There are also several pillars of Cloud Native:

  • microservices;
  • containers;
  • immutable infrastructure;
  • declarative API;
  • DevOps;
  • CI/CD.

That is, literally, if you have microservices on Kubernetes, then your application is almost Cloud Native.

These applications are designed with scalability, resilience and flexibility in mind, allowing them to easily adapt to changing requirements and conditions. It’s clear that business is changing, conditions are constantly changing, the load changes, sometimes increases, sometimes decreases. And, accordingly, your architecture must be flexible and elastic enough to respond to all these changes painlessly.

Problems and difficulties of the Cloud Native approach

Despite all the advantages, implementing such a system in practice is not so easy. Most likely, if you have not worked with such applications before, then your team will have to change the engineering culture, and not just change some frameworks.

Here are just some of the difficulties you may encounter.

The first is distributed systems. They are difficult to keep in mind, difficult to design, difficult to even understand what is happening there. If something falls off somewhere, it is not always easy to trace why it happened. Therefore, usually in such installations they use advanced logging, monitoring and the so-called tracing or tracing, when you have the entire request logged through all services, exactly how it went through, so that you can understand at least something. Due to the number of variables, you can only be saved by the correct selection of tools, as I already said, and development, testing and deployment processes.

You will also have to test in a distributed structure. Likewise, if you have a Kubernetes cluster, you usually have at least three Kubernetes clusters. This is a test cluster, this is a staging cluster, and this is a production cluster, actually. And then each team can have its own cluster, in general, as soon as you have Kubernetes, you immediately begin to acquire clusters. But this is an example; you can do Cloud Native without Kubernetes.

Secondly, you won’t be able to set up processes once to make them work. This should become part of everyday work. Tools will also become outdated, require updating, and processes will fail. Be prepared to constantly monitor performance, discuss solutions with the team and implement them. Actually, this is the same cultural shift.

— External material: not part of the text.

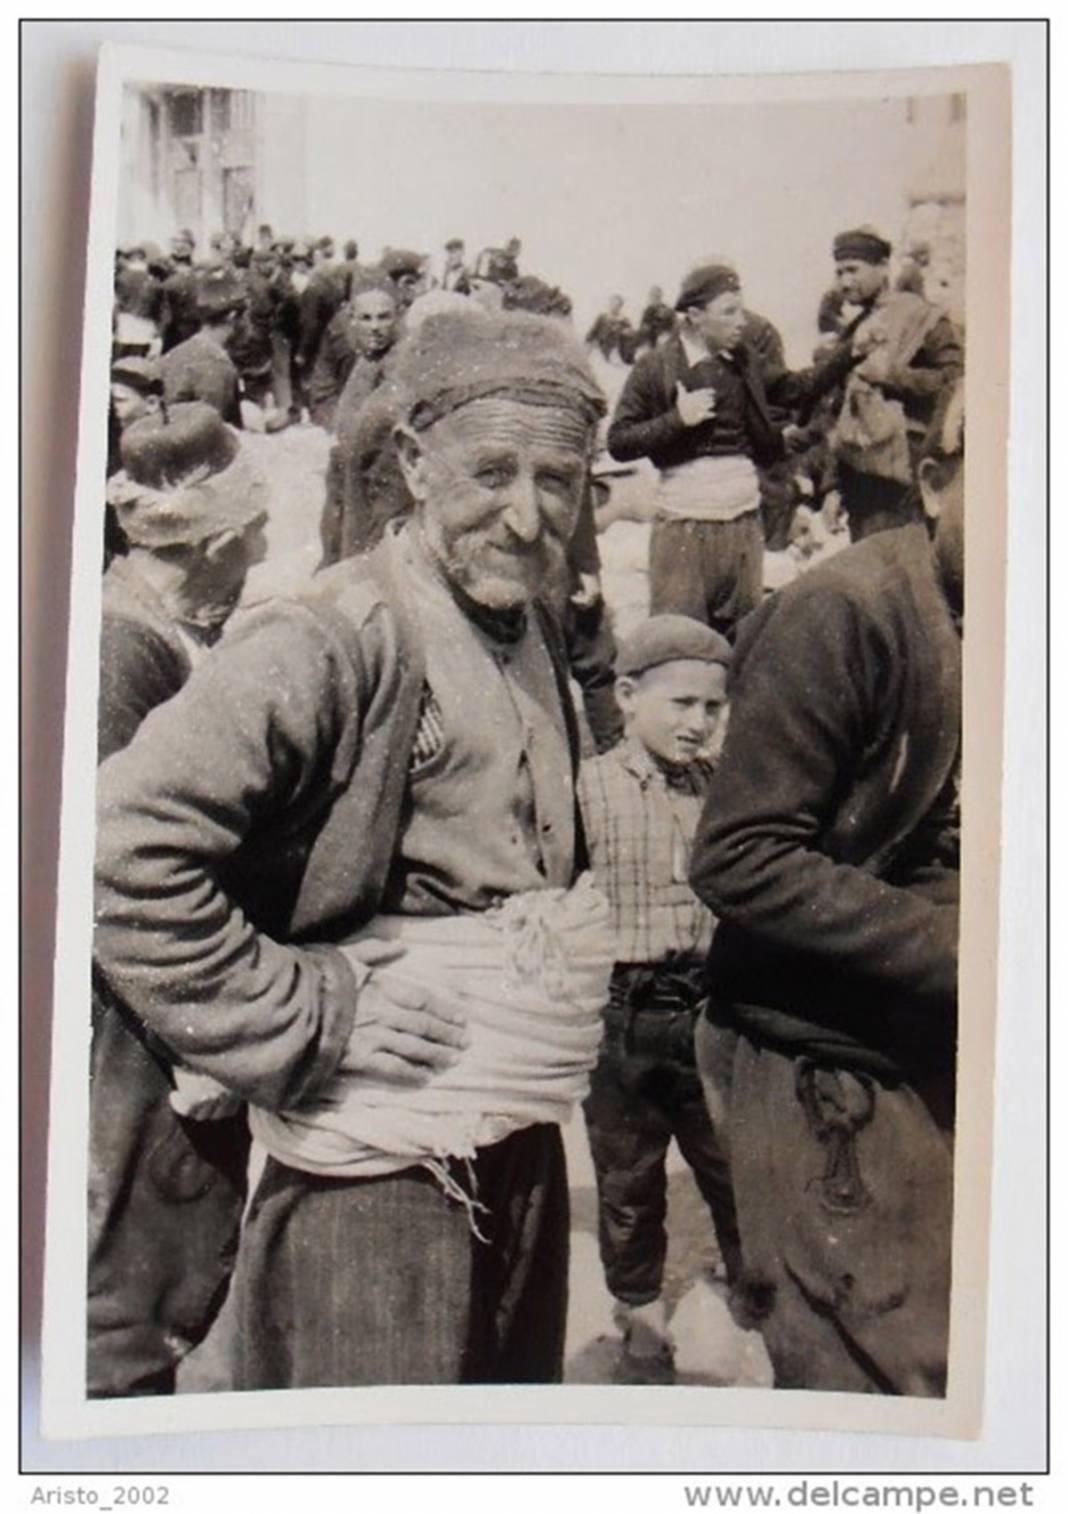 İşte Dobruca'da yaşayan Türklerin tarihine ışık tutacak kareler 27
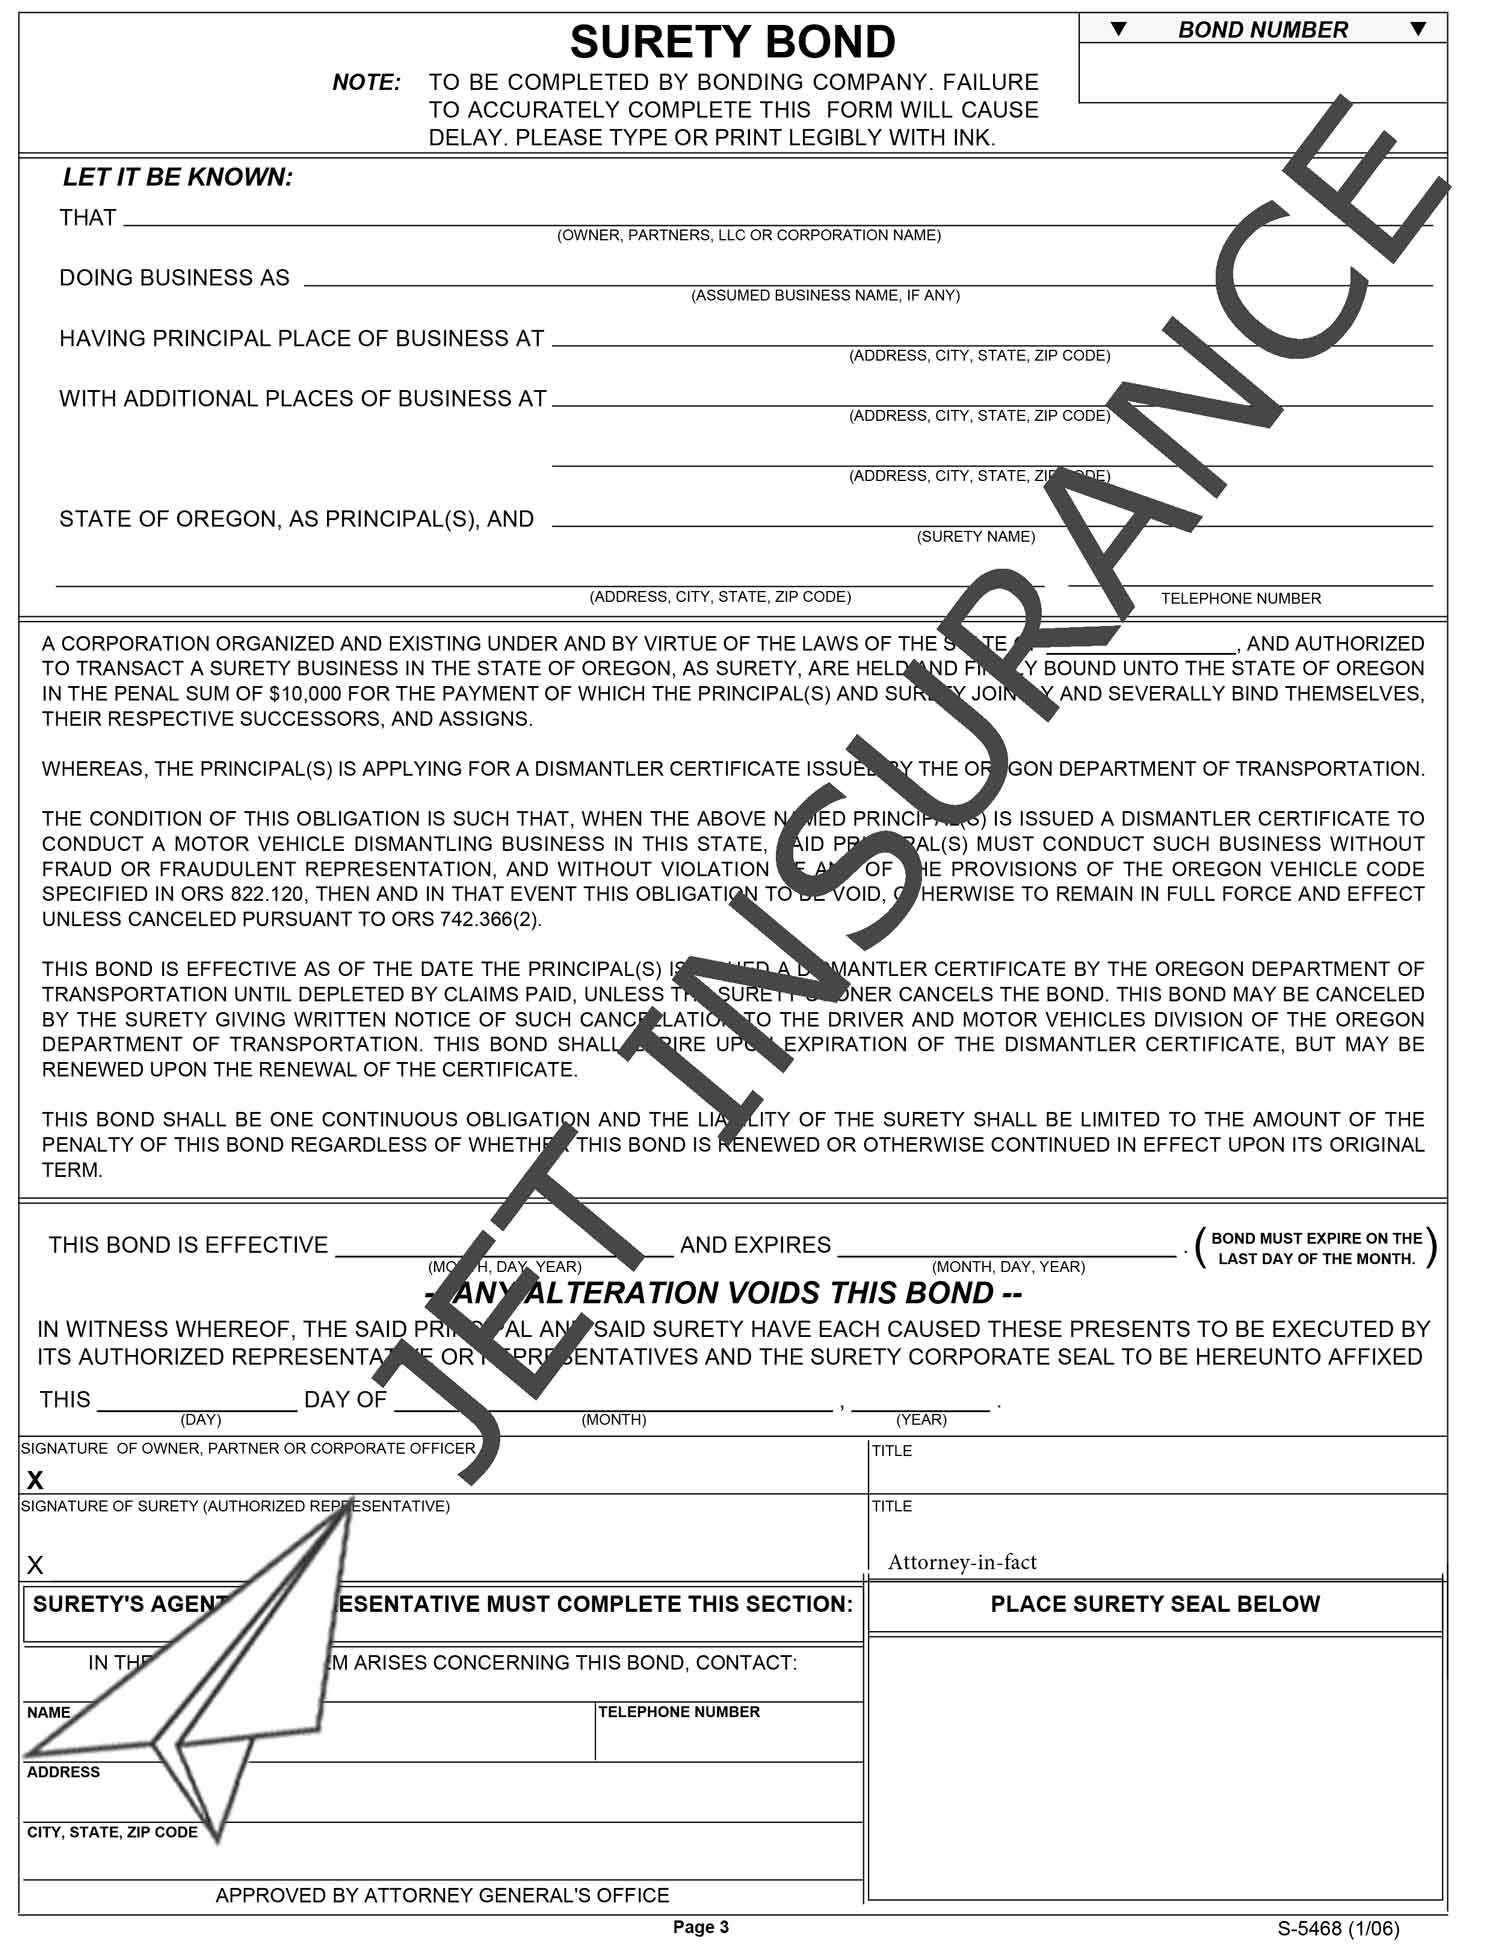 Oregon Motor Vehicle Dismantler Bond Form

Third, the cost of the cloud can easily get out of control. Every company I've worked for has always had an initiative to cut infrastructure costs. Even if it wasn’t there initially, it still appeared at some point.

All sorts of Janitor services appeared, such as a garbage man or a janitor, who cleaned some kind of infrastructure that they forgot to turn off. And some letters constantly came: “This is how much we spend, this is how much we need to save.” In general, just look at how many startups have been created in this niche. I even have a friend, a good former colleague, who, in fact, also made a startup to optimize infrastructure costs. That is, accordingly, these startups make money by optimizing your expenses. These are infrastructure accountants or something.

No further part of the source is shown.